Since its introduction by White & Griffith (1981), author co-citation analysis (ACA) has gained great popularity in the study of intellectual structures of scholarly fields and of the implied social structures of the corresponding communities. While most studies have applied the general steps and techniques of classic ACA to different research fields with little or no modification, some studies have proposed new techniques for mapping author clusters (White, 2003) or for statistically processing co-citation counts (Ahlgren, Jarneving & Rousseau, 2003). However, few studies (Persson, 2001) have examined some of the fundamental aspects of ACA such as the way that the co-citation counts are defined which provide the raw data on which all subsequent statistical analyses are based. The present study seeks to contribute to filling this gap, and aims to shed some light on future directions of ACA studies.

Research questions

ACA is one particular type of co-citation analysis. It is generally accepted that the co-citation concept was discovered independently by Small (1973) and Marshakova (1973), and that document co-citation analysis was introduced by Small (1973) and author co-citation analysis by White & Griffith (1981). Many co-citation analysis studies have been conducted since.

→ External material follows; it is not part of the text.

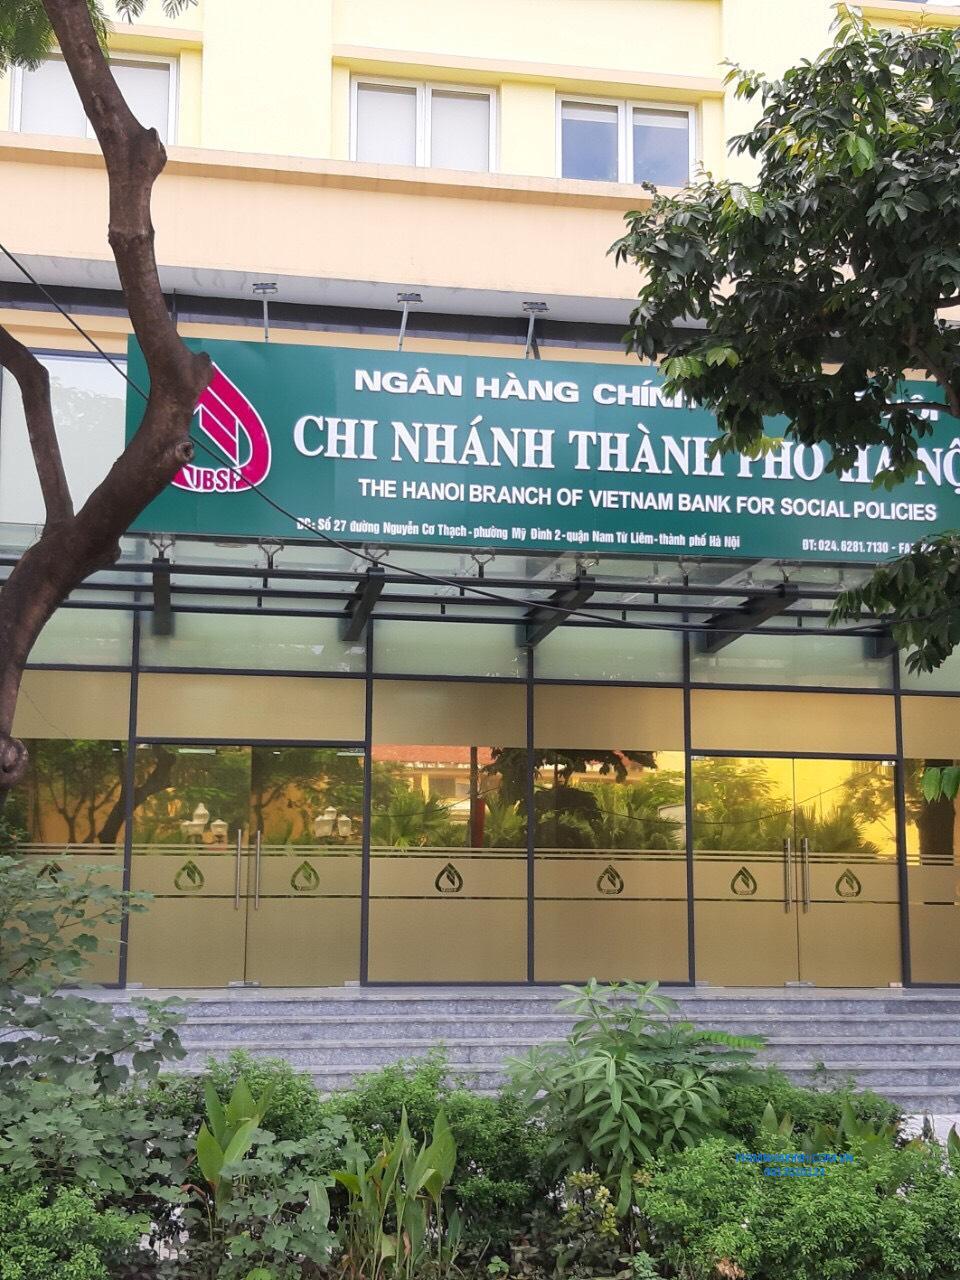 Thi công phim chống nắng cho Ngân hàng chính sách CN Mỹ Đình, Hà Nội

In co-citation analysis, a set of items (authors, documents, journals, etc.) is selected to represent a research area, and relationships between these items are then analyzed using co-citation counts - the number of articles that have cited two items together in the same articles - as similarity measures and multivariate analysis techniques as analysis tools, in order to study the intellectual structure of this research field and to infer some of the characteristics of the corresponding scientific community.

Depending on the units of analysis (documents, authors, journals, etc.) and on the citation / co-citation thresholds, both the macro-structure - the overall map of an entire science with each dot on the map representing a discipline - and the micro-structure - the structure of a single specialty with each dot on the map representing a single document - of a science can be mapped, providing either overviews of research areas or a look at the underlying fine structures (Small, 1999).

ACA takes authors as its units of analysis, which is, when compared with document co-citation analysis, more complex in at least two aspects. First, the interpretation of results is complicated by the fact that an author represents a larger and less homogeneous unit than an article does in terms of what the unit of analysis connotes. This problem was well addressed when ACA was first introduced, as well as in subsequent studies (White, 2003). Second, defining co-citation is tricky because of the existence of multiple authorships. Unlike the first problem, this one has rarely been discussed, partly due to the constraints imposed by the main data source that has so far been used for ACA studies - the set of databases developed by the Institute for Scientific Information (ISI). These databases only index the first authors of cited documents. Although all authors of a cited document can be found if it has also been indexed as one of their source papers (citing papers), the number of such documents, although increasing as time goes on, has been small. As a result, classic ACA only takes into account first authors in the definition of co-citation. Specifically, two authors are considered as being co-cited when at least one document from each author's oeuvre occurs in the same reference list, an author's oeuvre being defined as all the works with that author as the first author (McCain, 1990). For the purpose of convenience, this is called “first-author co-citation” in the present study.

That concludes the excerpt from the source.